[Form 4] Warby Parker Inc. Insider Trading Activity
Rhea-AI Filing Summary
Warby Parker Inc. reported an insider transaction by a director and Co‑Chief Executive Officer involving its Class A and Class B Common Stock. On 12/11/2025, 200,000 shares of Class B Common Stock were converted into Class A Common Stock at an exercise price of $0, and the same day 200,000 shares of Class A Common Stock were sold at an average price of $30.2 under a Rule 10b5-1 trading plan adopted on March 14, 2025.

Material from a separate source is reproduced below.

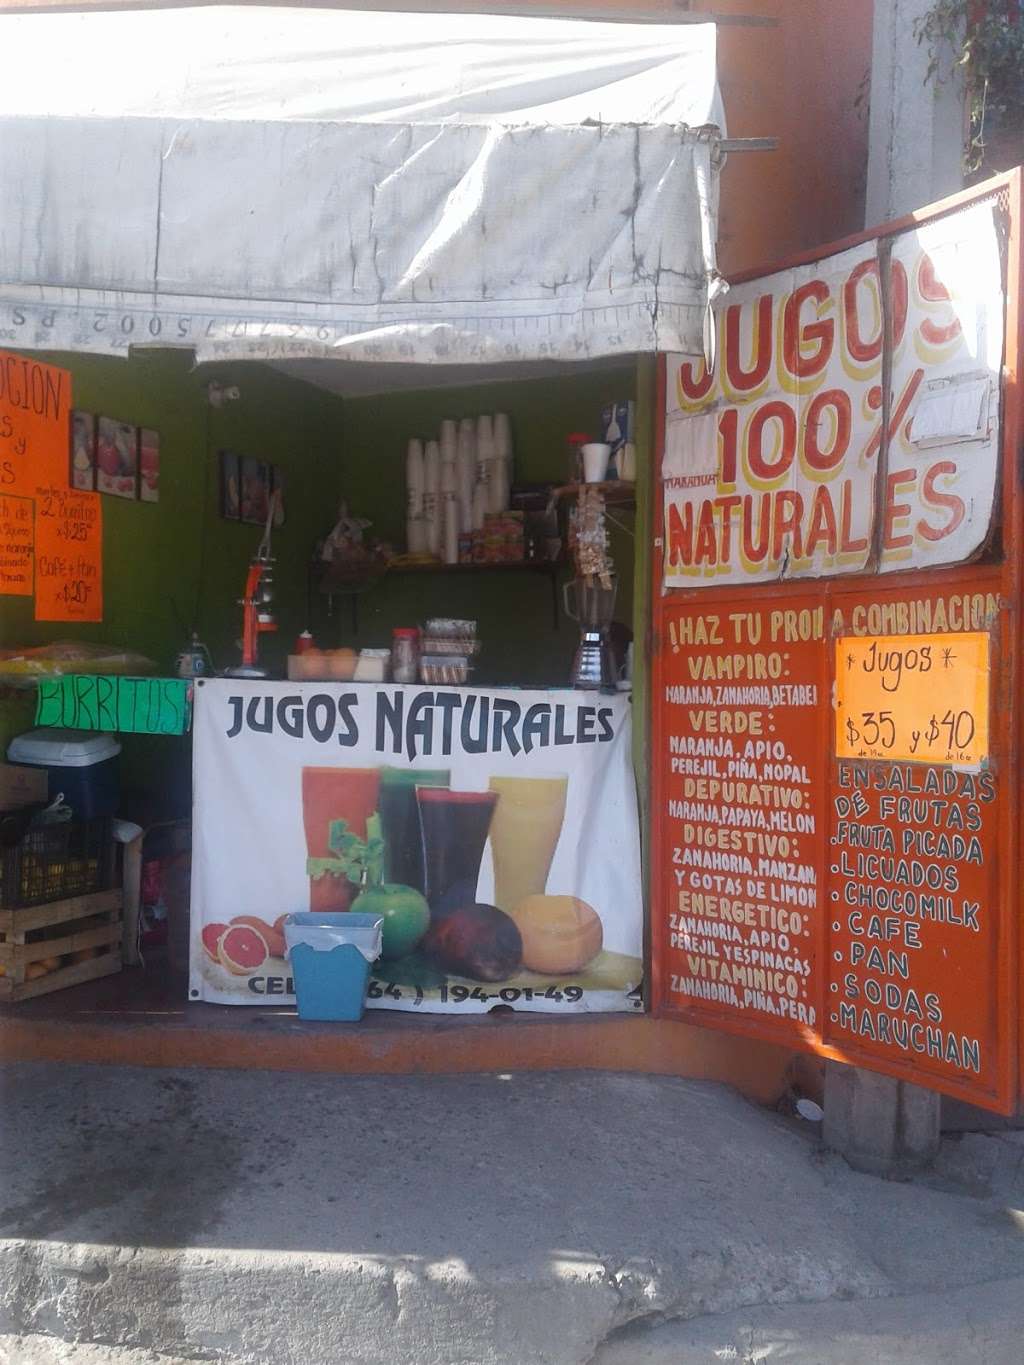 Jugos 100% Naturales La Skinni | Anexa 20 de Noviembre, 22100 Tijuana, B.C., Mexico | Phone: 664 194 0149

After these transactions, the insider directly held 37,247 shares of Class A Common Stock and 4,909,923 shares of Class B Common Stock, with an additional 1,656,770 shares of Class B Common Stock held indirectly through the David A. Gilboa 2012 Family Trust. Each share of Class B Common Stock is convertible at any time into one share of Class A Common Stock, and will automatically convert upon certain ownership transfers, specified changes relating to Neil Blumenthal or Dave Gilboa, or by October 1, 2031.
Positive
- None.
Negative
- None.
Insider Trade Summary
| Type | Security | Shares | Price | Value |
|---|---|---|---|---|
| Conversion | Class B Common Stock | 200,000 | $0.00 | -- |
| Conversion | Class A Common Stock | 200,000 | $0.00 | -- |
| Sale | Class A Common Stock | 200,000 | $30.20 | $6.04M |
| holding | Class B Common Stock | -- | -- | -- |
Footnotes (1)
- These share sales were effected pursuant to a Rule 10b5-1 trading plan adopted by the reporting person on March 14, 2025. The price reported in Column 4 is an average execution price rounded to the nearest hundredth. These shares were sold in multiple transactions at prices ranging from $30.00 to $30.92 inclusive. The reporting person undertakes to provide to the Issuer, any security holder of the Issuer, or the staff of the Securities and Exchange Commission, upon request, full information regarding the number of shares purchased at each separate price. The Class B Common Stock is convertible at any time at the option of the holder into the Issuer's Class A Common Stock on a one-to-one basis. The Class B Common Stock will automatically convert into shares of the Issuer's Class A Common Stock on a one-to-one basis upon the earlier of (i) transfer of Class B Common Stock to a person or entity that is not in the transferor's permitted ownership group, (ii) October 1, 2031, (iii) with respect to any Class B Common Stock held by any person or entity in Neil Blumenthal's permitted ownership group, (A) such time as Neil Blumenthal is removed or resigns from the board of directors, or otherwise ceases to serve as a director, (B) such time as Neil Blumenthal ceases to be either an employee, officer or consultant of the Company or any of its subsidiaries, or (C) the date that is 12 months after the death or disability of Neil Blumenthal, and (iv) with respect to any Class B common stock held by any person or entity in Dave Gilboa's permitted ownership group, (A) such time as Dave Gilboa is removed or resigns from the board of directors, or otherwise ceases to serve as a director, (B) such time as Dave Gilboa ceases to be either an employee, officer or consultant of the Company or any of its subsidiaries, or (C) the date that is 12 months after the death or disability of Dave Gilboa.